Ya no sólo porque la causa directa que las motiva sea tratar de desviar el foco mediático de los escándalos de corrupción que cercan al entorno más cercano de Sánchez, sino porque, en realidad, responde al oxímoron ideológico al que obedece la izquierda internacional desde que ésta, a principios del siglo XX, renunciara a la vía de la socialdemocracia para caer en la del marxismo leninista: dejar de creer en la separación de poderes —guillotina y muerte a Montesquieu, por lo tanto—, la Ilustración y los valores que la acompañaron, el Estado de derecho, la libertad de opinión, para considerar, en cambio, que el poder tan sólo deberían, o podían, regentarlo ellos. Sin oposición.

¿Recuerdan ahora la frase de Largo Caballero, en pleno mitin en enero de 1936 y meses antes de que estallara, y sin posibilidad de retorno, la Guerra Civil?: "La clase obrera debe adueñarse del poder político, convencida de que la democracia es incompatible con el socialismo y, como el que tiene el poder no ha de entregarlo voluntariamente, por eso hay que ir a la Revolución".

O esta, del mismo autor, un poco antes, en el 34: "No creemos en la democracia como valor absoluto. Tampoco creemos en la libertad".

Esto, si me lo permiten, también es Memoria Histórica. Mas que le pese a según qué sector de la izquierda.

Y les pesa porque dirían, si les fuera posible, exactamente lo mismo que su viejo amigo Largo Caballero; el mismo que tantas veces han zarandeado como presunto defensor de la democracia republicana, cuando fue él el primero en dilapidarla, caldeando el ambiente político de una derecha, todavía fiel y leal a la República, ya de sobra enardecida desde que a Gil Robles le impidieron gobernar en el año 33.
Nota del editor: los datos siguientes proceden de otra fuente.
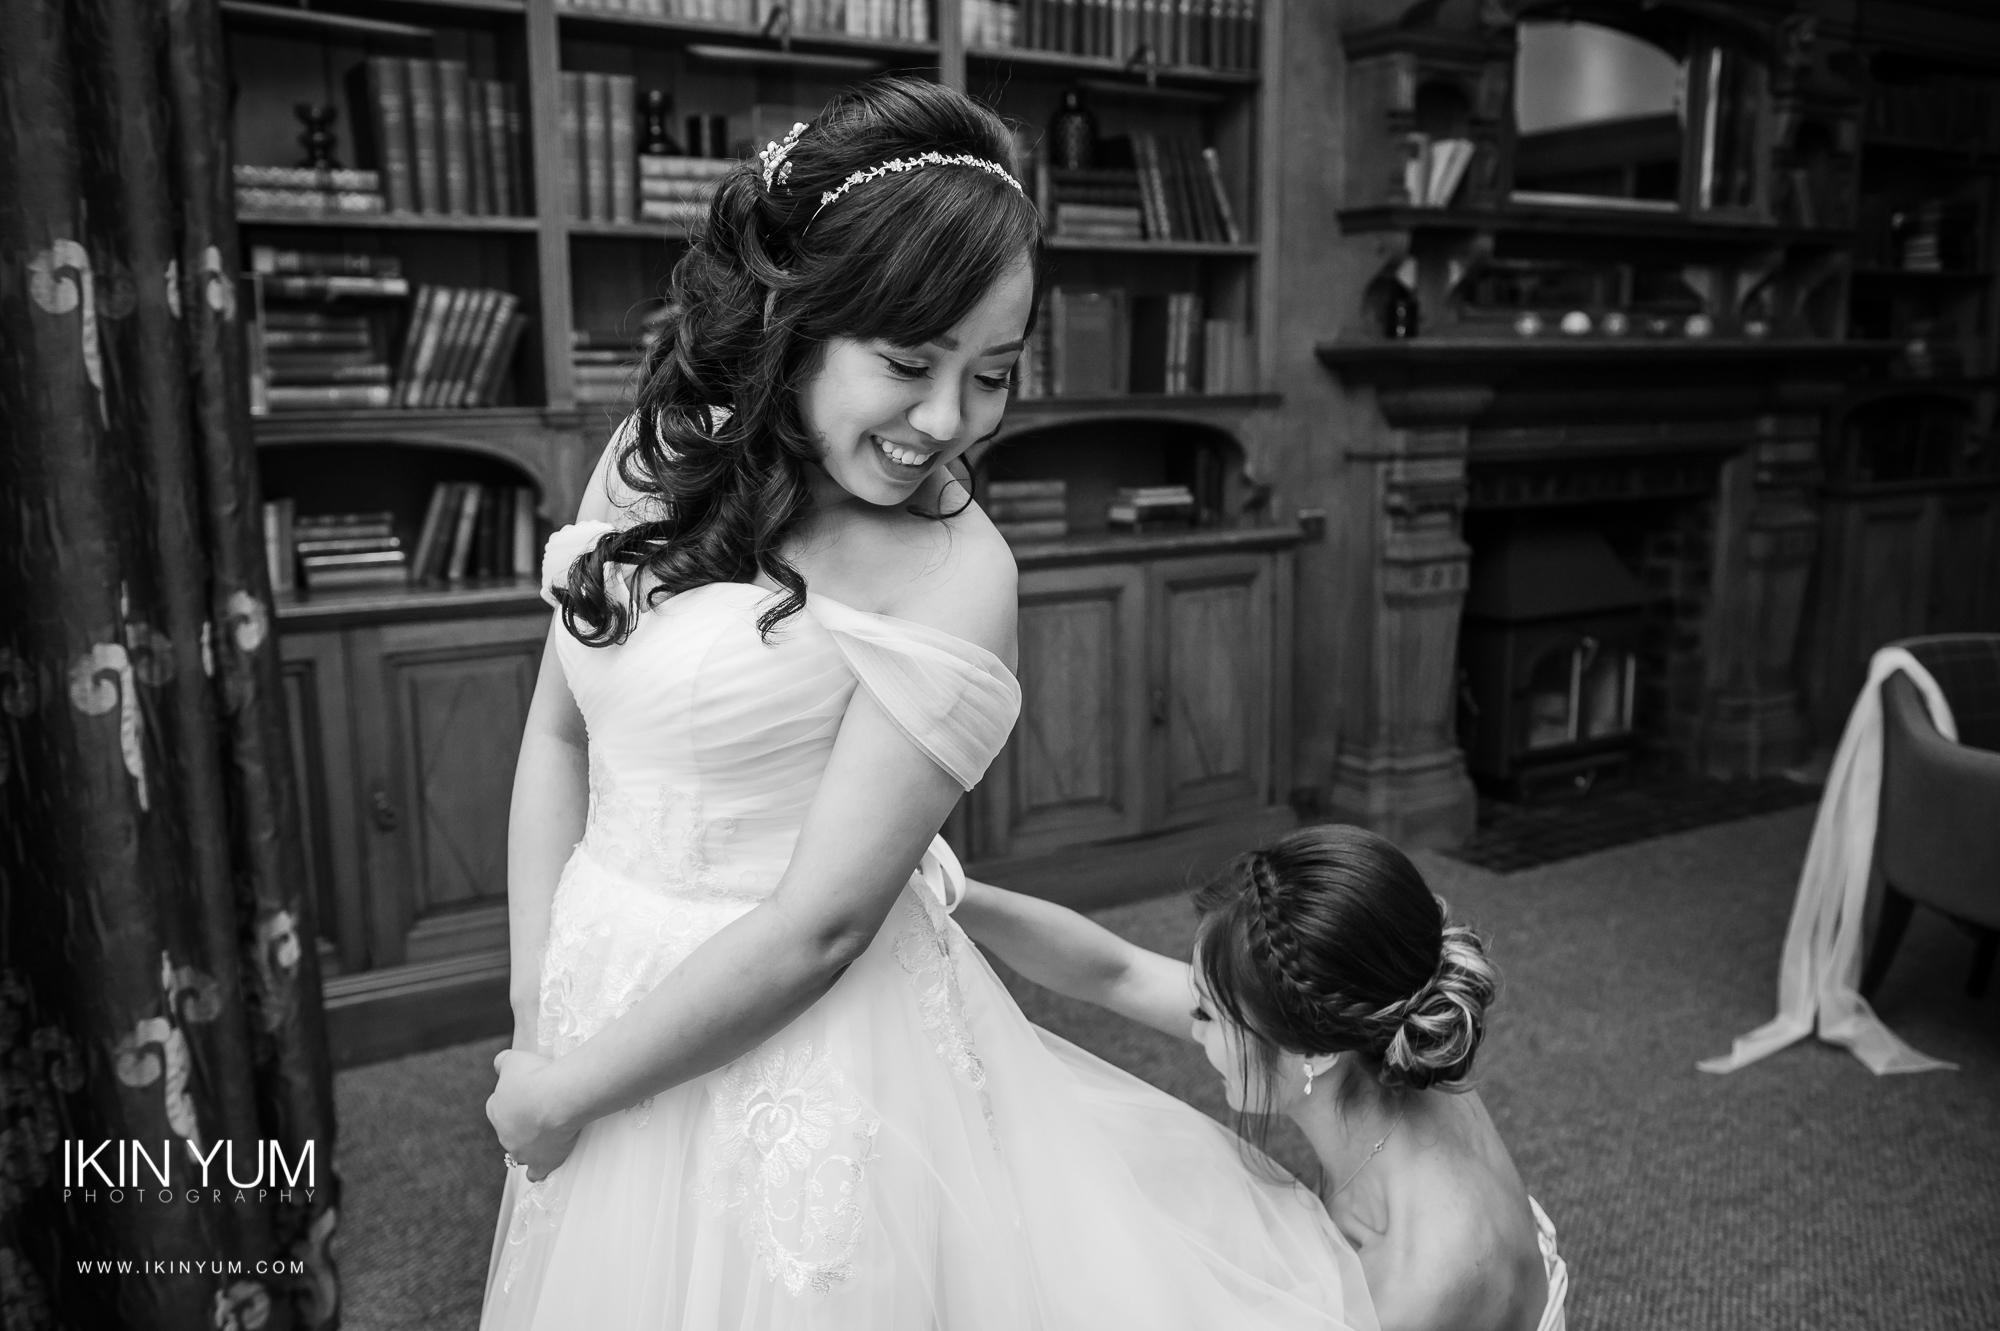 Hampton Manor Wedding - Ikin Yum Photography -055.jpg

O, por ejemplo, mejor aún, esta otra, del mismo Caballero y de nuevo en enero del 36: "Quiero decirles a las derechas que, si triunfamos, colaboraremos con nuestros aliados. Pero, si triunfan las derechas, nuestra labor habrá de ser doble: colaborar con nuestros aliados dentro de la legalidad, pero tendremos que ir a la Guerra Civil declarada".

Vamos, que la democracia está bien siempre y cuando gobiernen ellos. Lo de siempre. Nada nuevo bajo el sol.
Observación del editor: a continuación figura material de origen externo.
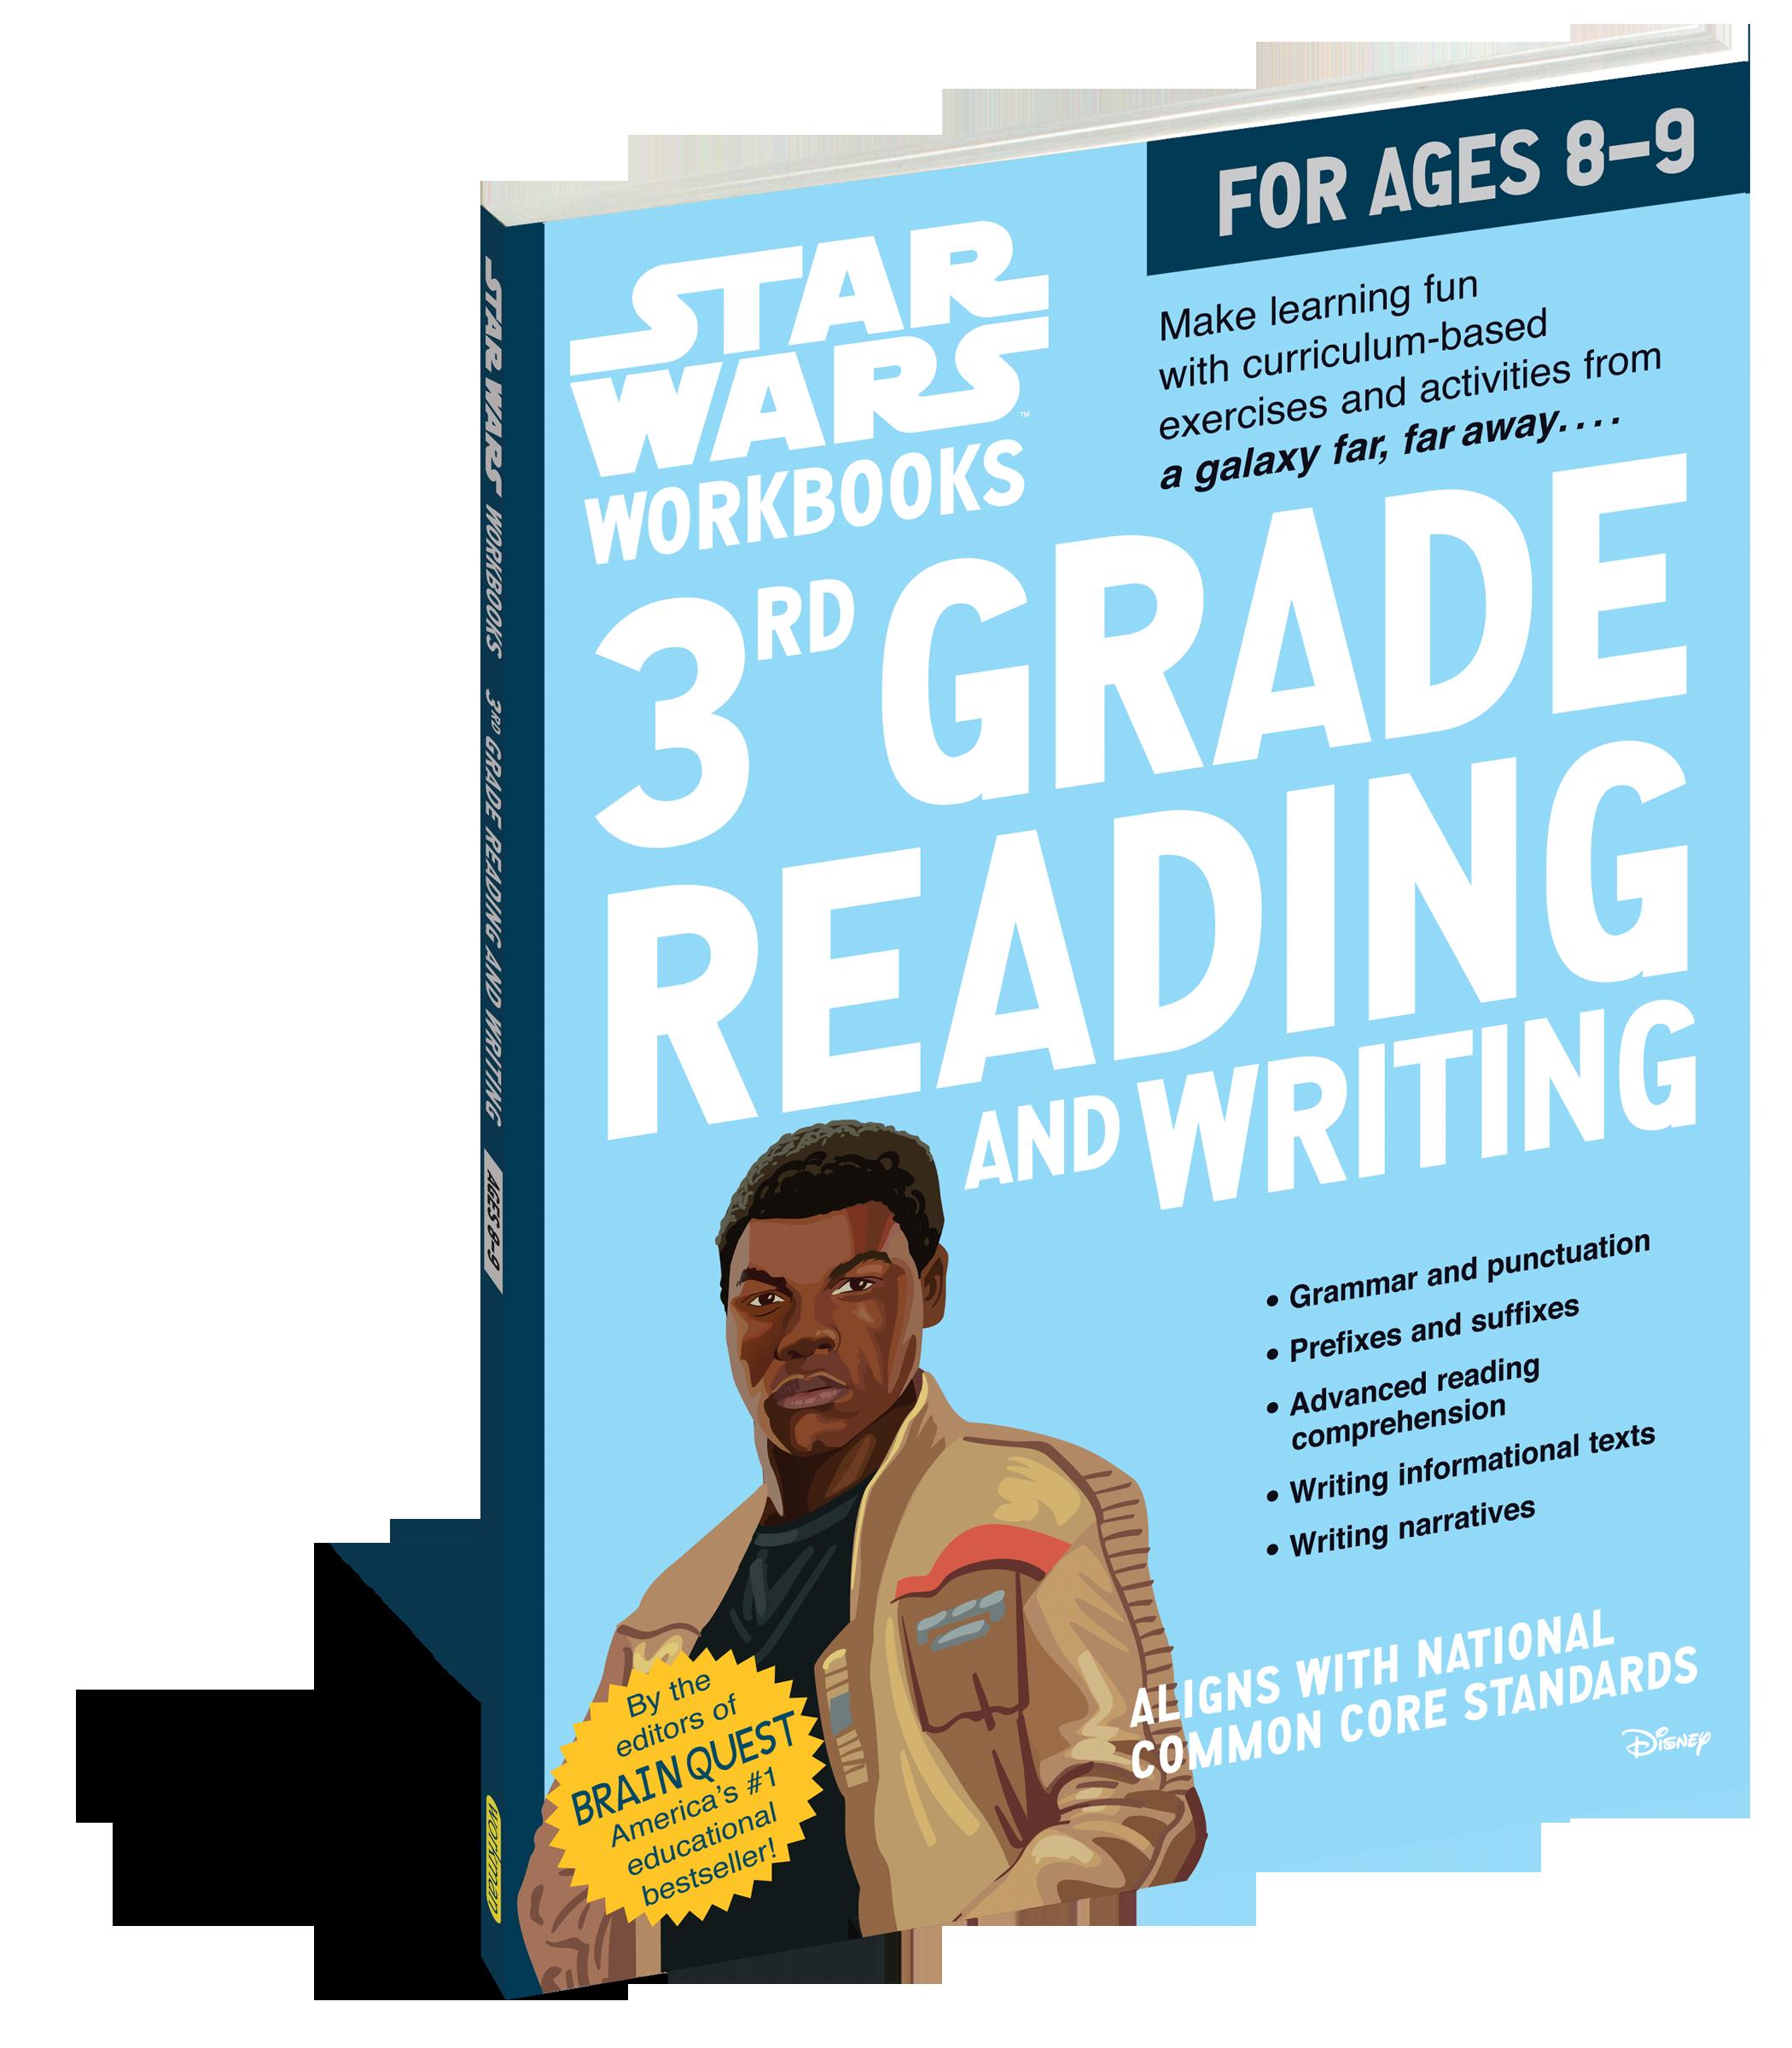 Star Wars Workbook: 3rd Grade Reading and Writing - Workman Publishing

En caso contrario, como venía diciendo, apostarán siempre por la dictadura, sin importar su crueldad o cuán cruenta pueda resultar ésta. Estará bien, siempre, pues beneficiará a su proyecto político.

Una gran parte de la izquierda, en definitiva, es, o quizá lo ha sido siempre, al mismo tiempo despiadada con los dictadores muertos y complaciente con los dictadores vivos; siempre que éstos pertenezcan, claro está, a su cuerda política y no a la del contrario. Condenan la esvástica mientras adoran la hoz y el martillo, criminalizan a Hitler a la par que adulan sin problemas a Stalin, que mató a muchos más. Franco asesinó vilmente, pero nadie hizo lo propio en Paracuellos del Jarama. Y ahí, precisamente ahí, reside su gran y más atronadora incongruencia histórica y moral. La que les ha teñido siempre de malos, colocado como los villanos de la historia para los pueblos que ansían ser libres. Y la que seguirá haciéndolo mientras no aprendan de una buena vez la lección: que un dictador es un criminal que atenta contra la libertad y los derechos humanos fundamentales, sin importar si éste se viste de azul o de rojo. O viste chándal con los colores de la patria que considera —aunque en esto del sector privado no crea mucho— parte de su propiedad.

Por eso sobre Maduro, que sigue vivo, a diferencia de Paco, aún no se han dignado a abrir la boca.